Zac. 4:6 – “Esta es la palabra de Jehová a Zorobabel, que dice: No con ejército, ni con fuerza, sino con mi Espíritu”.

Durante muchos años las obras para la reconstrucción del templo de Jerusalén habían sido paralizadas. Zorobabel y el remanente del pueblo de Dios llegado de la cautividad, se sentían impotentes y desalentados para continuar perseverando en la tarea de levantar los cimientos.
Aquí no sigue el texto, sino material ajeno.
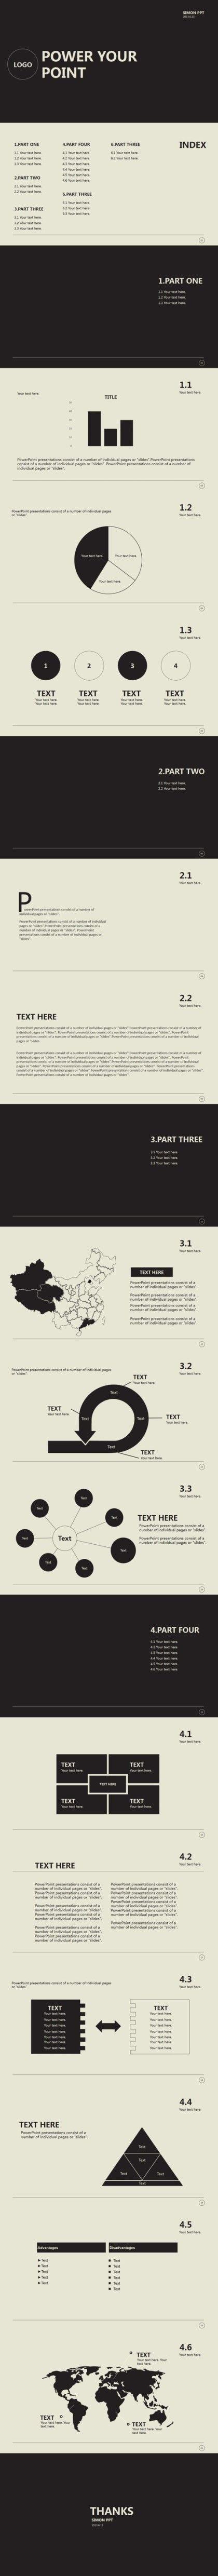 PPT 디자인 레이아웃 - 발표용 피피티 센스있게 만들어보자! : 네이버 블로그

Pero la palabra del Señor no apela al mero voluntarismo, ni a nuevas estrategias, sino a entender que sólo el poder del Espíritu puede levantar lo que es imposible desde las posibilidades humanas. No son los propios recursos, sino misteriosas fuerzas eternas las que aparecen en medio de la debilidad para restaurarnos y resituarnos en el camino.

Sobre estos pilares se sostiene el “evangelio” en el AT: Fidelidad a Dios, autenticidad en el servicio/culto y la centralidad del Espíritu. Importa recordarlo, porque sólo a partir de estos fundamentos es posible comprender y vivir el mensaje de Jesús. Las parábolas no están ahí sólo para ser interpretadas, sino para dejarnos interpretar por ellas. 

 

¿Cuáles son los rasgos distintivos de los “siervos (in) útiles”?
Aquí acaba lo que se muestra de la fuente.